Being A Biracial Child Means Seeing The World Through Two Different Lenses

Being A Biracial Child Means Seeing The World Through Two Different Lenses

"You get the best of both worlds."

A goal of mine when I joined Odyssey was to be the person who showed the world the voices of the community around me. Every time I have done an interview, it is because there is something about the people I have interviewed that others do not know. And this interview is an addition to the collection of stories I've had the amazing privilege to tell. I love reading about different perspectives, but I haven't seen too many pieces that display the perspective of a mixed child. I have seen statistics and facts, but neither of those compare to the voice of a person with a story about her life as a multiracial child. My friend Sarah* is someone whose voice deserves to be heard by the world, and I could not thank her enough for being such a wonderful friend and for doing this interview.

Please note that the person's name has been changed*, and the person pictured in the cover photo is not the same person who was interviewed. Also, any text within brackets has been changed for clarity or grammar purposes.

Has being biracial ever been a problem for you?

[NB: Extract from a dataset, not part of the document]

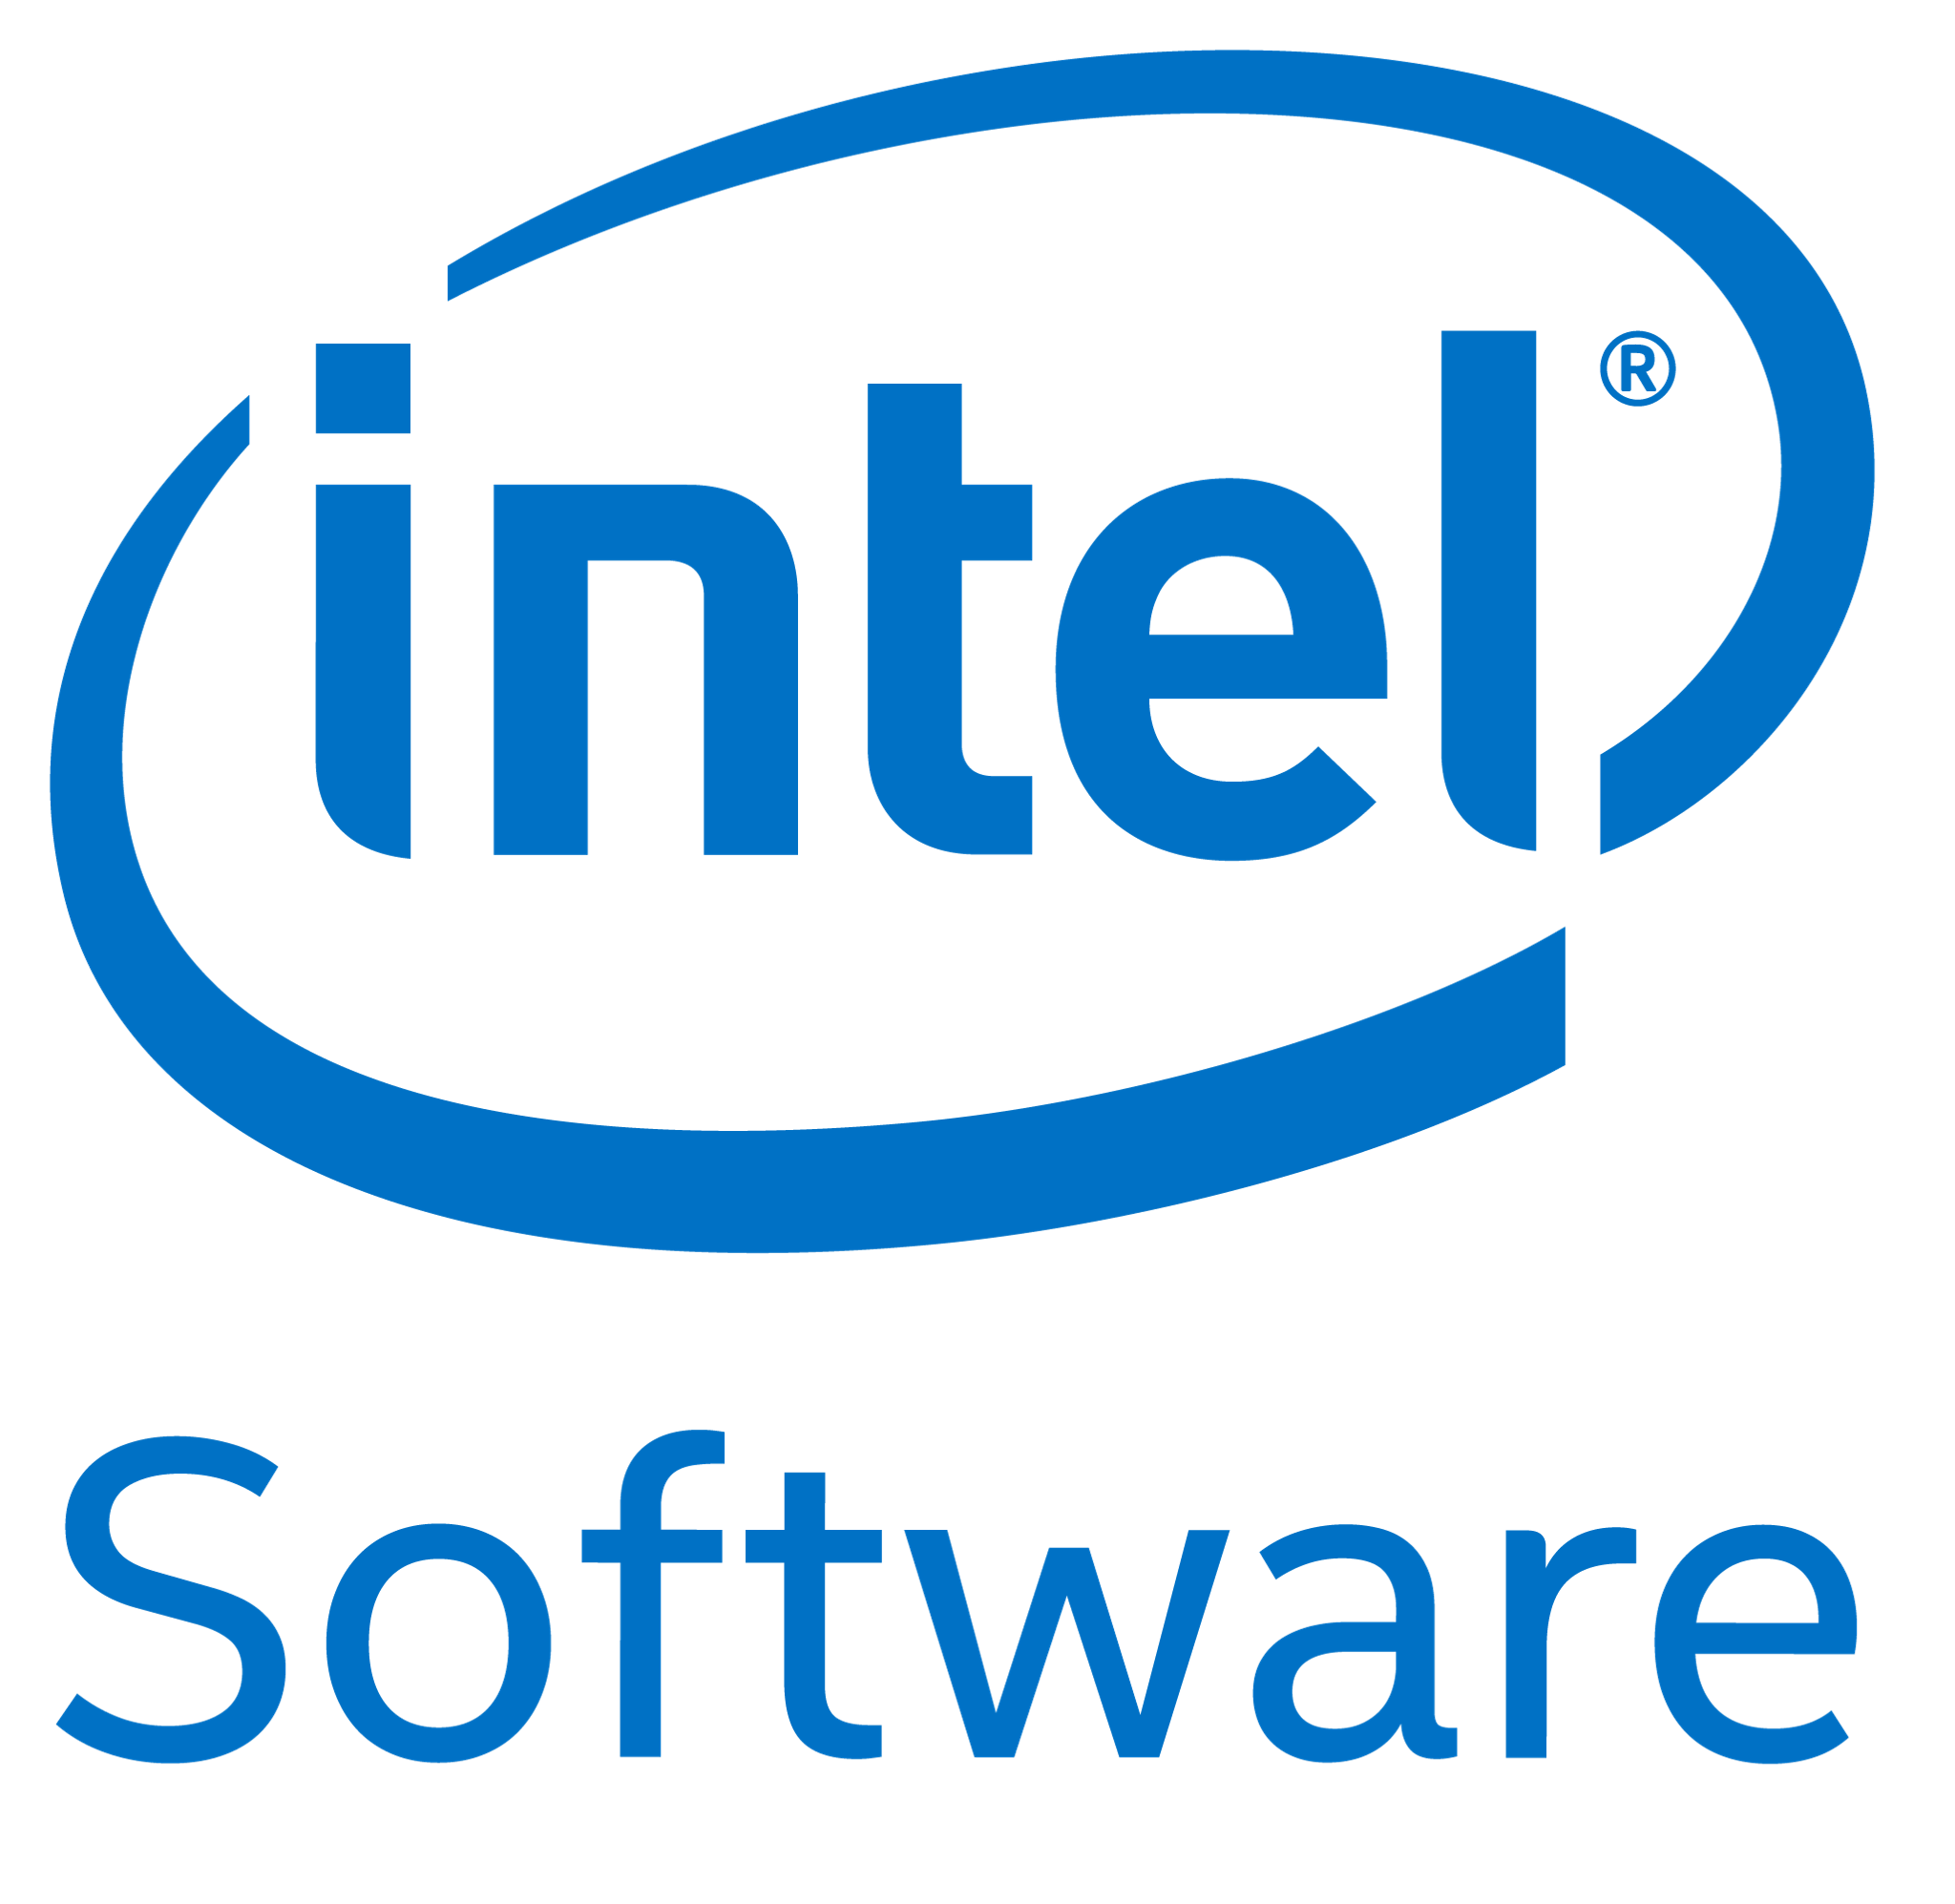 StackedIntelSoftwareBlue.png

"Being biracial has opened my eyes to new cultures and has helped me experience diversity in the world. Although being multiracial has opened my eyes, it can be at times hard because it's sometimes difficult to relate to other people.

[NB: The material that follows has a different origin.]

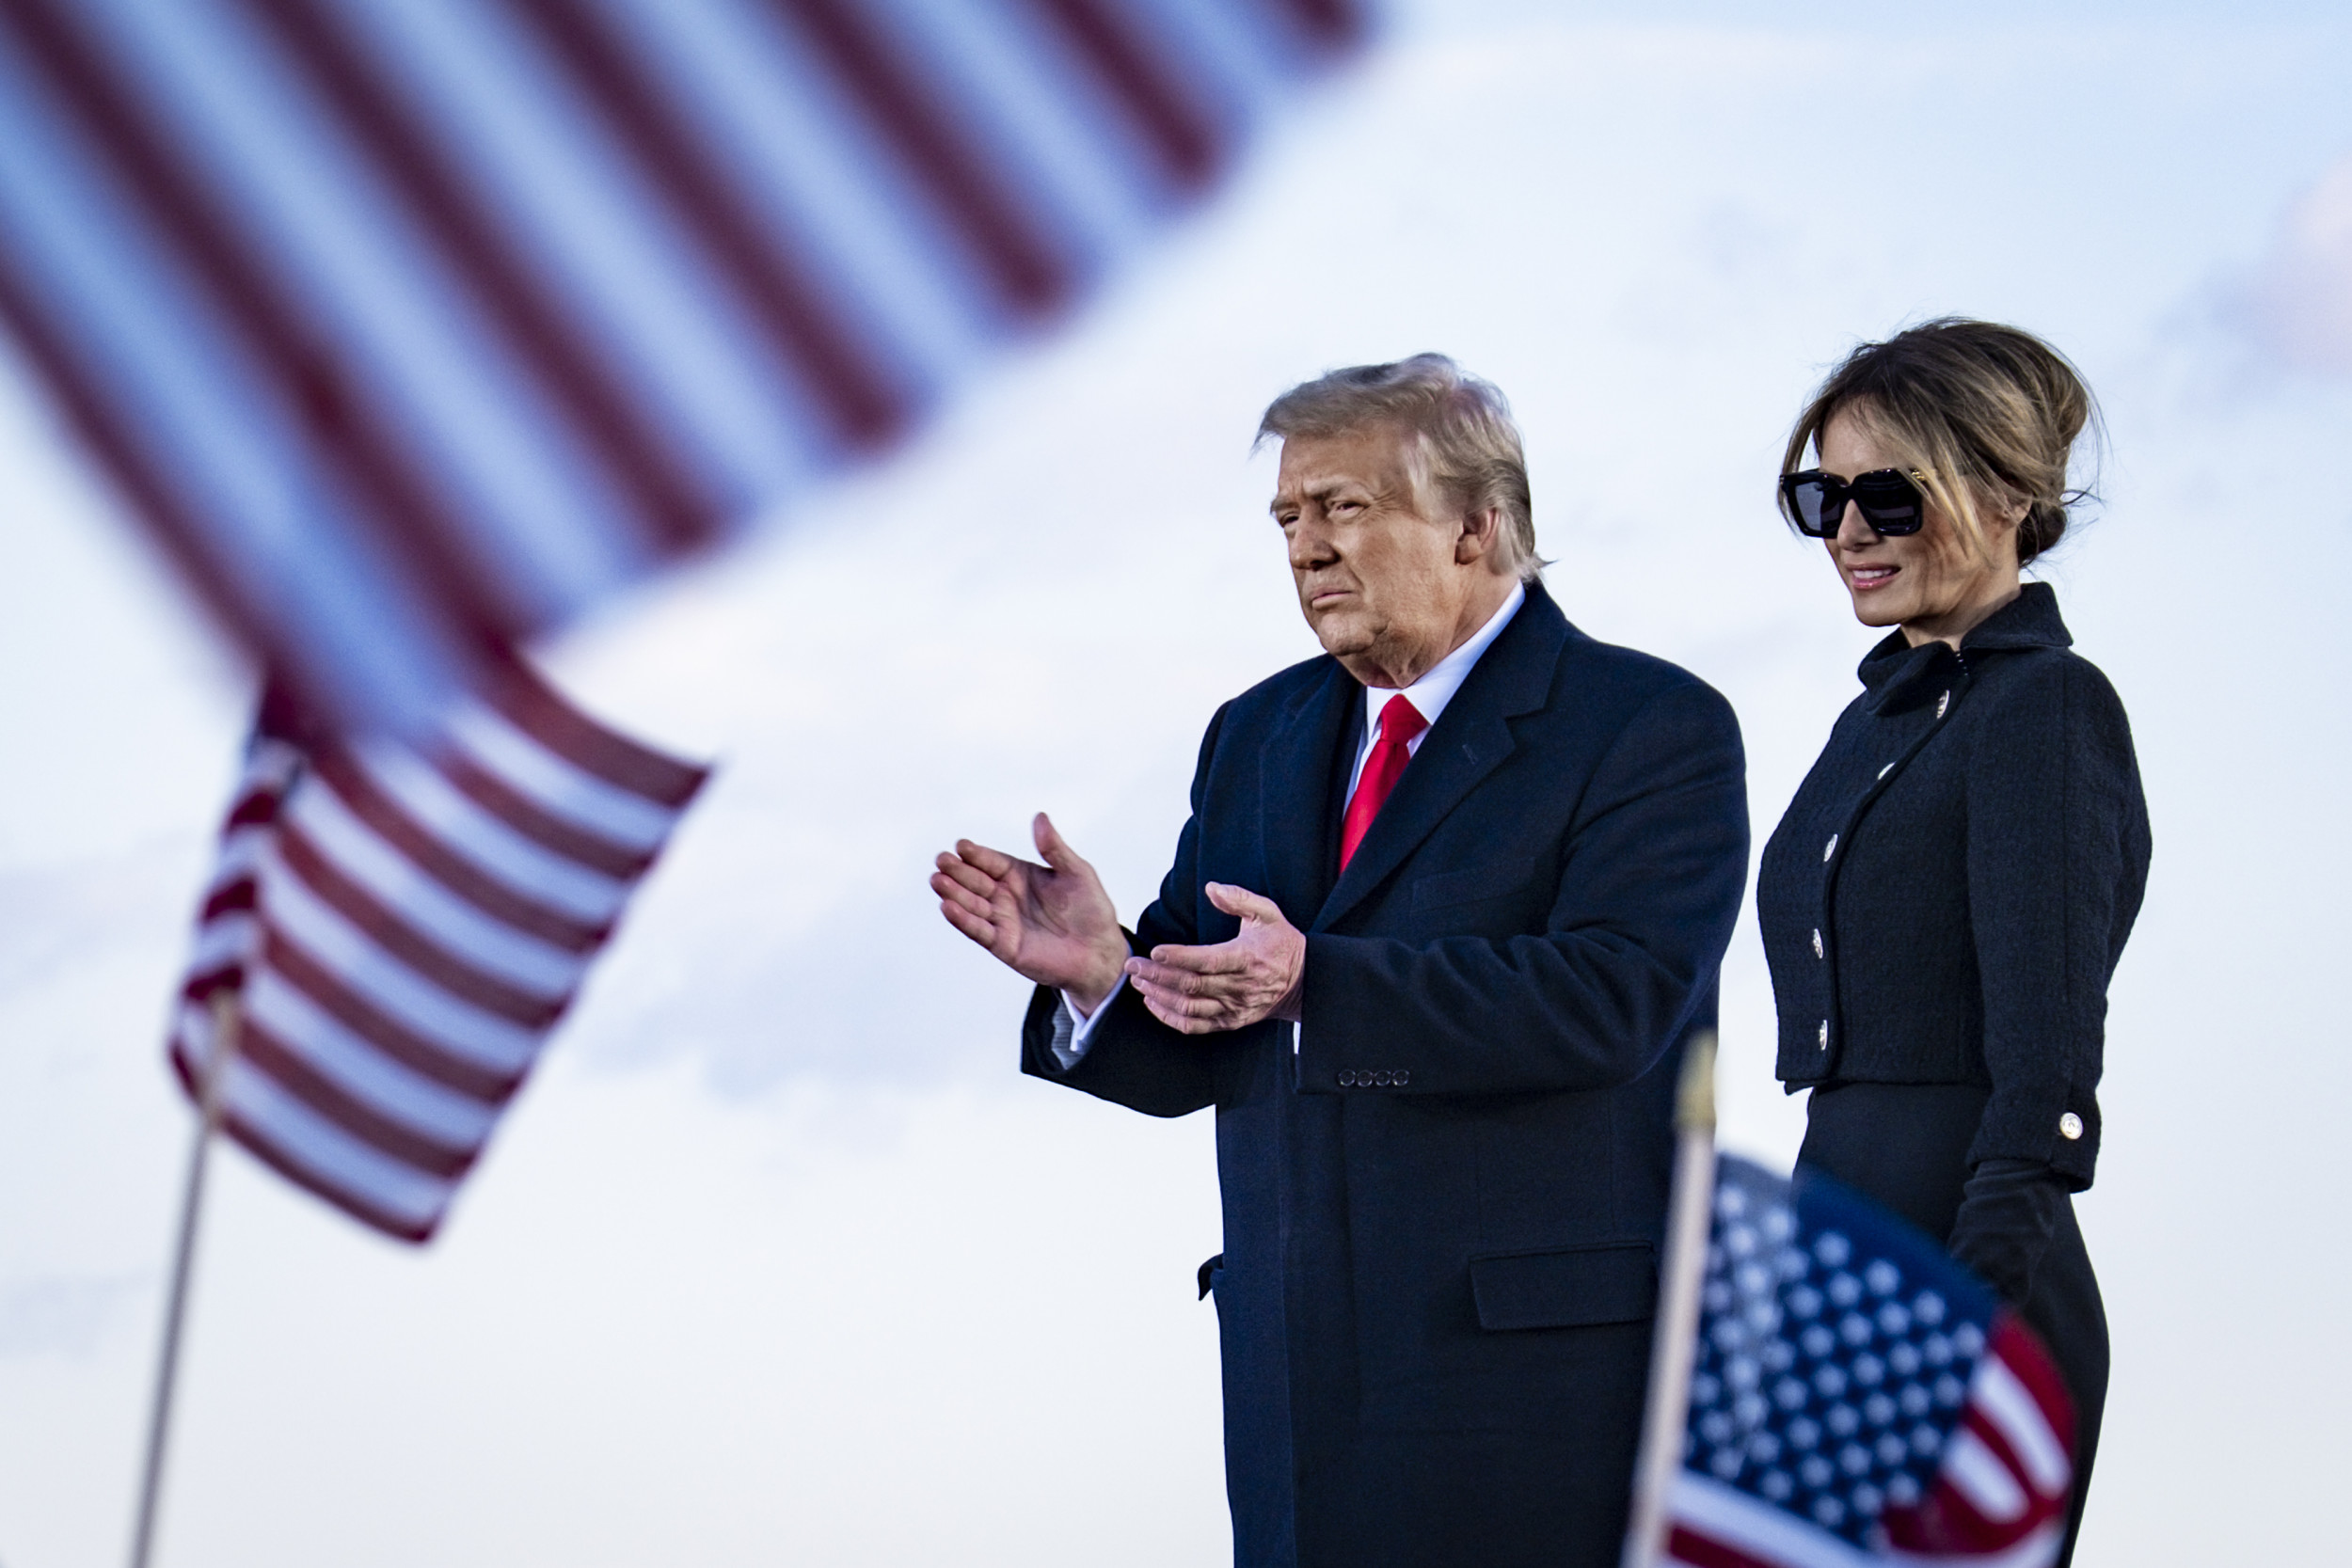 PATRIOT LION TEA Towel Patriot Party Republican Trump 1776

"A problem that I have faced as a mixed person is representation in general society. For example, there are not a lot of role models that I can look up to that are of my same races. There are people that I look up to that are of one of my races, [but they are] never of both. Fortunately, we live in an open-minded world (for the most part), and almost everyone that I know does not judge me based on my ethnicities.

"However, my parents, being a multiracial couple, have been judged because of the fact that they are not of the same race. [Once] they asked someone to take a picture of them, and he refused to, solely due to the fact that they were of different ethnicities."

What are the benefits of being multiracial?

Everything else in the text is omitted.